> _WHAT YOU SHOULD DO_: Give back exactly the lines that run from the beginning of the entries to the line containing "Georg Jensen Handcrafted", both included, and nothing else.

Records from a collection

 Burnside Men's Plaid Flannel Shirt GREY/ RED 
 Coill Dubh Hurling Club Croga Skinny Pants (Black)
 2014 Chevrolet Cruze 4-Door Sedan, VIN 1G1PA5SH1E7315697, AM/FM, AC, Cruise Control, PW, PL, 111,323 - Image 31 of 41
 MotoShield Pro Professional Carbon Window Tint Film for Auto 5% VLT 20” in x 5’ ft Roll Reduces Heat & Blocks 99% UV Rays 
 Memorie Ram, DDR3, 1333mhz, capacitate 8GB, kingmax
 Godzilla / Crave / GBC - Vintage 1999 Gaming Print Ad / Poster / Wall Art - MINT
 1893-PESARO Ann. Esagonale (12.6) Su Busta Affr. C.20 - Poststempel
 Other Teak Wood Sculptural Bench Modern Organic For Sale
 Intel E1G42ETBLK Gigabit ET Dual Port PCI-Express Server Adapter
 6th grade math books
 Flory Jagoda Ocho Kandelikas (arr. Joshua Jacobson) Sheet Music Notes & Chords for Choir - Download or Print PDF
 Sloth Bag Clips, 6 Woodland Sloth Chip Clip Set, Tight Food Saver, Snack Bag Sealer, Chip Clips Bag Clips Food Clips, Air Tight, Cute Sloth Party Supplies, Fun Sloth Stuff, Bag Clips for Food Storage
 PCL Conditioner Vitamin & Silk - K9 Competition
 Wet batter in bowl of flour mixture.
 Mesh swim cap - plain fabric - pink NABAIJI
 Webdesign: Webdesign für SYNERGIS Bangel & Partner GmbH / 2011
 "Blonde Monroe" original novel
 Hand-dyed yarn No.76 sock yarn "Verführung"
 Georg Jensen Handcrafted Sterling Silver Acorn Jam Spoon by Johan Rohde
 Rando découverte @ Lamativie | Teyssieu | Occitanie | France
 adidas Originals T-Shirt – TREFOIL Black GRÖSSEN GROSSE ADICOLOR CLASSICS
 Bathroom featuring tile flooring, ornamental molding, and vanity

> _REPLY_:
 Burnside Men's Plaid Flannel Shirt GREY/ RED 
 Coill Dubh Hurling Club Croga Skinny Pants (Black)
 2014 Chevrolet Cruze 4-Door Sedan, VIN 1G1PA5SH1E7315697, AM/FM, AC, Cruise Control, PW, PL, 111,323 - Image 31 of 41
 MotoShield Pro Professional Carbon Window Tint Film for Auto 5% VLT 20” in x 5’ ft Roll Reduces Heat & Blocks 99% UV Rays 
 Memorie Ram, DDR3, 1333mhz, capacitate 8GB, kingmax
 Godzilla / Crave / GBC - Vintage 1999 Gaming Print Ad / Poster / Wall Art - MINT
 1893-PESARO Ann. Esagonale (12.6) Su Busta Affr. C.20 - Poststempel
 Other Teak Wood Sculptural Bench Modern Organic For Sale
 Intel E1G42ETBLK Gigabit ET Dual Port PCI-Express Server Adapter
 6th grade math books
 Flory Jagoda Ocho Kandelikas (arr. Joshua Jacobson) Sheet Music Notes & Chords for Choir - Download or Print PDF
 Sloth Bag Clips, 6 Woodland Sloth Chip Clip Set, Tight Food Saver, Snack Bag Sealer, Chip Clips Bag Clips Food Clips, Air Tight, Cute Sloth Party Supplies, Fun Sloth Stuff, Bag Clips for Food Storage
 PCL Conditioner Vitamin & Silk - K9 Competition
 Wet batter in bowl of flour mixture.
 Mesh swim cap - plain fabric - pink NABAIJI
 Webdesign: Webdesign für SYNERGIS Bangel & Partner GmbH / 2011
 "Blonde Monroe" original novel
 Hand-dyed yarn No.76 sock yarn "Verführung"
 Georg Jensen Handcrafted Sterling Silver Acorn Jam Spoon by Johan Rohde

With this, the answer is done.